Sounds good brother. And Rip are you bigger now than you was at 40?  I guess what I am asking is have you made gains since then?  This is the topic of another post I put up


----------



## Rip (Oct 29, 2015)

Yes I am. I put on quality muscle. I added about 20 pounds of muscle and I'm about 10% body fat. Mostly natural until about 6 years ago. I went on TRT at 51.


----------



## Rip (Nov 2, 2015)

I don't see dead lifts on here, even though they are a pulling movement. This is from *Muscle and Fitness* website.
I was referring to UPPER traps primarily. I train middle and lower with my Back workout.

Here's what they suggest 
Target: Traps

Regardless of when you train traps, here are some moves to help target the large diamond-shaped slab of beef on your upper back.

*Upper*: 

-Shrug (barbell, dumbbell, Smith machine, trap machine)
*Middle*:
[/B]
- Row with any grip or handle (barbell, machine, dumbbell), especially those using a wide grip and brought to the chest 
- Incline dumbbell shrug
- Seated row shrug*
*Lower*:

- Pull-down/Pull-up
- Front overhead raise (barbell, dumbbell)
- Dumbbell Y-raise **
- Snatch

*On a seated row machine, keep your arms straight while squeezing your shoulder blades together.
**Lie facedown on a bench and lift dumbbells up and out in a Y formation.
http://www.muscleandfitness.com/wor...ok&utm_medium=social&utm_campaign=biggertraps


----------



## mensagebr (Nov 19, 2015)

I use a narrow grip to do barbell shrugs. Always 2s on the top, pyramiding weight up.
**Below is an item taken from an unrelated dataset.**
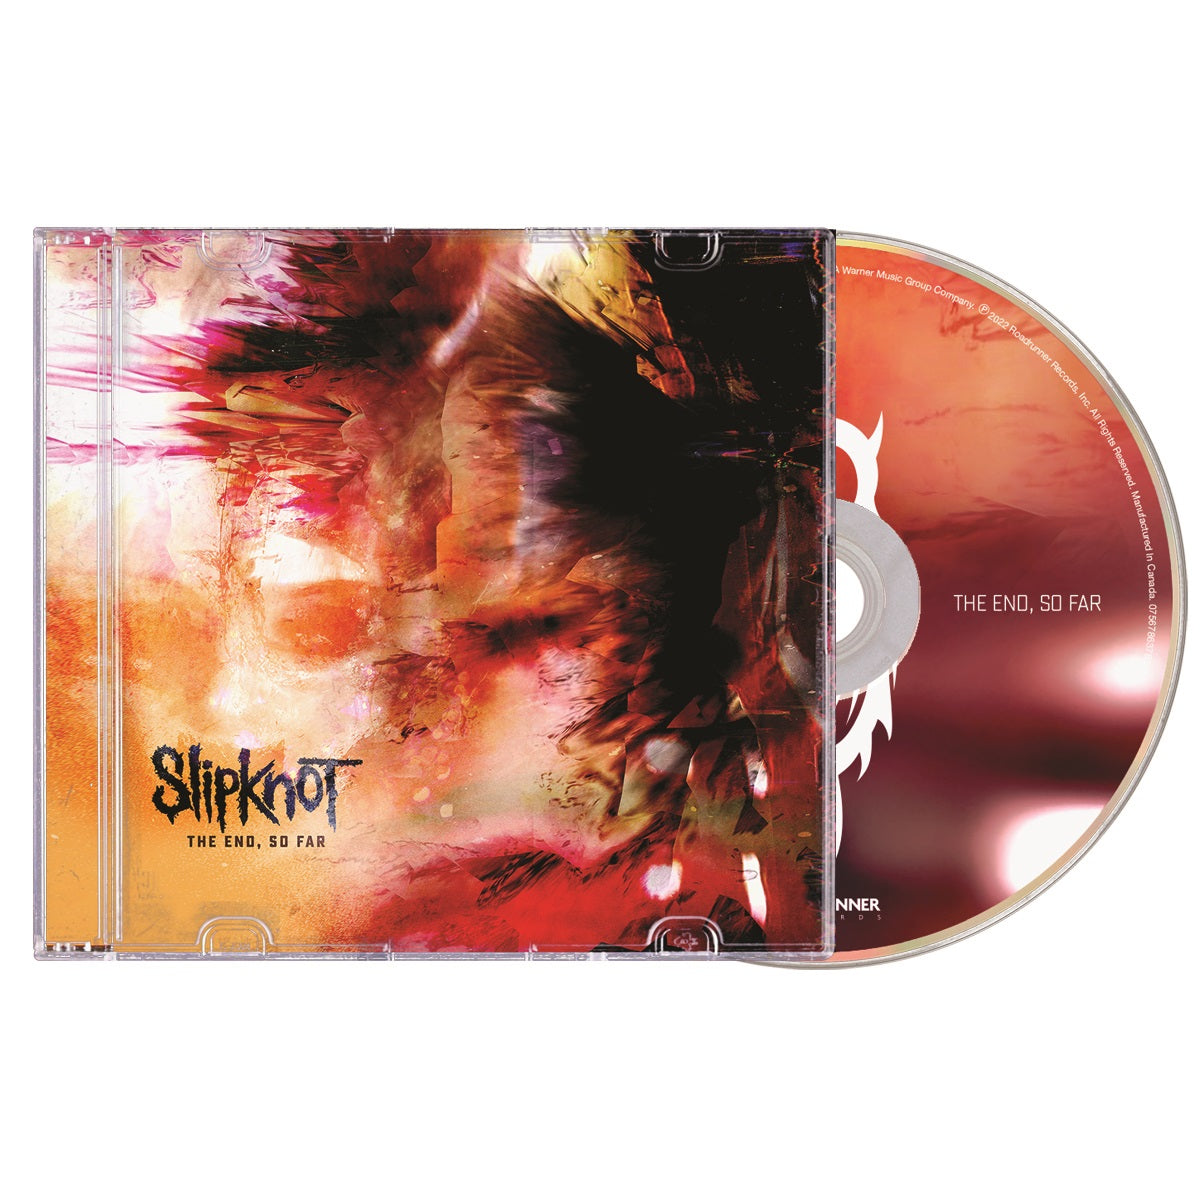 Slipknot "The End, So Far" CD

Then i get two 45lb plates and do some regular shrugs, on the sides, holding 5s on the top.

Farmer walkers and deads help it A LOT too!

"S"Hugs~


----------



## Rip (Nov 19, 2015)

@Badboy...How did you know I'm bigger now? Yeah, I have made gains. I've been pretty consistent with my training and diet. I always try to use proper form and mind to muscle connection.  


BadBoys said:


> Sounds good brother. And Rip are you bigger now than you was at 40?  I guess what I am asking is have you made gains since then?  This is the topic of another post I put up


----------



## rburdge84 (Nov 19, 2015)

You could do heavy farmer carry to pre exhaust your traps before doing some shrugs with good squeeze and slow eccentric. Also could hit traps first before doing shoulders because doing shoulder work incorporates traps.


----------



## Rip (Nov 19, 2015)

For a concentric contraction of the Traps, the shoulders have to be elevated.


----------



## GYMBRAT (Nov 20, 2015)

Extremely heavy  Shrugs 
Static holds


----------



## BadBoys (Nov 20, 2015)

Rip said:


> Yes I am. I put on quality muscle. I added about 20 pounds of muscle and I'm about 10% body fat. Mostly natural until about 6 years ago. I went on TRT at 51.
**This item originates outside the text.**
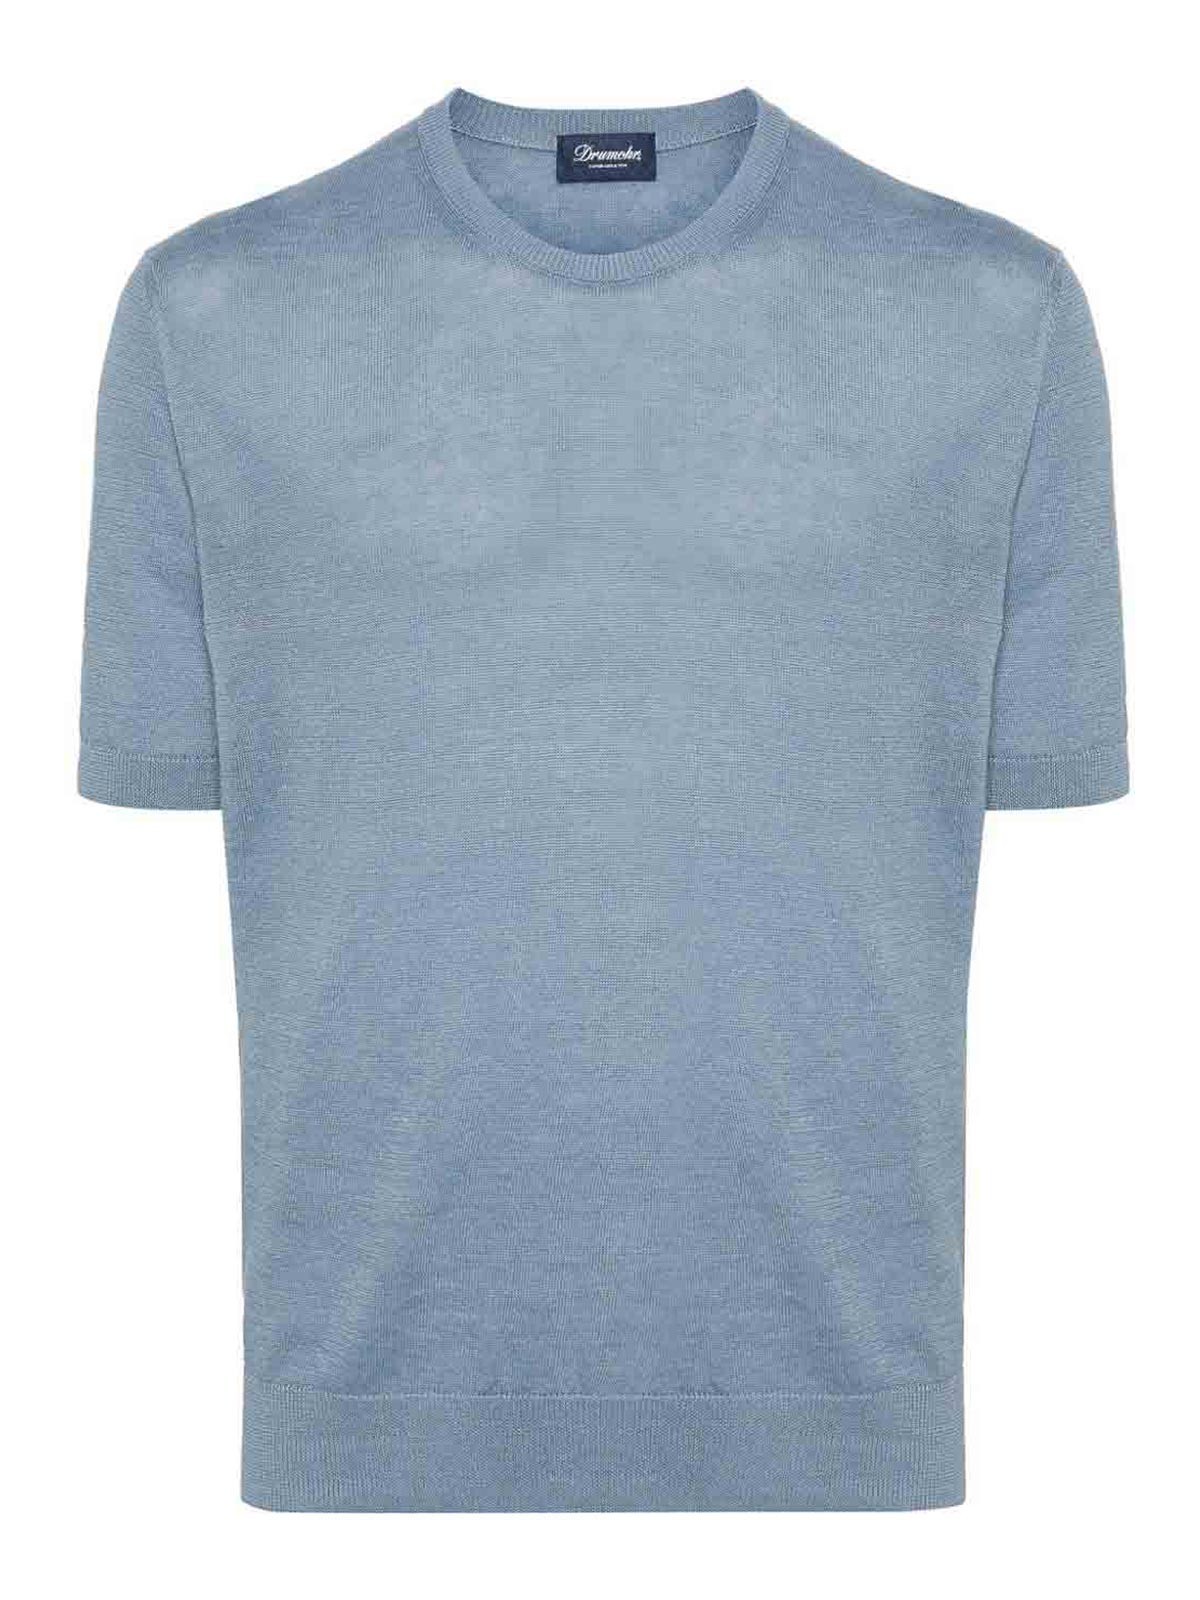 Shop Drumohr Camiseta - Azul Claro

I knew you were bigger rip because of what you said here. Keep up the good work brother


----------



## BadBoys (Nov 22, 2015)

Traps are growing already.


----------



## jojo58 (Nov 22, 2015)

I like cable rows with the ez bar. hold the contraction at the top, I do heavy shrugs in the power rack after doing rack lifts or in the military press rack after doing presses. I also do pyramid up right trows with the ez curl bars they have at my gym.


----------



## AndyUk (Dec 2, 2015)

Reverse deadlift shrugs from behind,
Start movement as conventual deadlift from floor, but the bar is from  behind you.
Its kind of difficult at first, but its worked wonders for Mine, 
Have someone either side to remove a plate when complete failer sets in, then repeat to fail,
Then have another plate removed either side,
Ive worked up to 5plates aside until 1plate remains, 
Try it out.


----------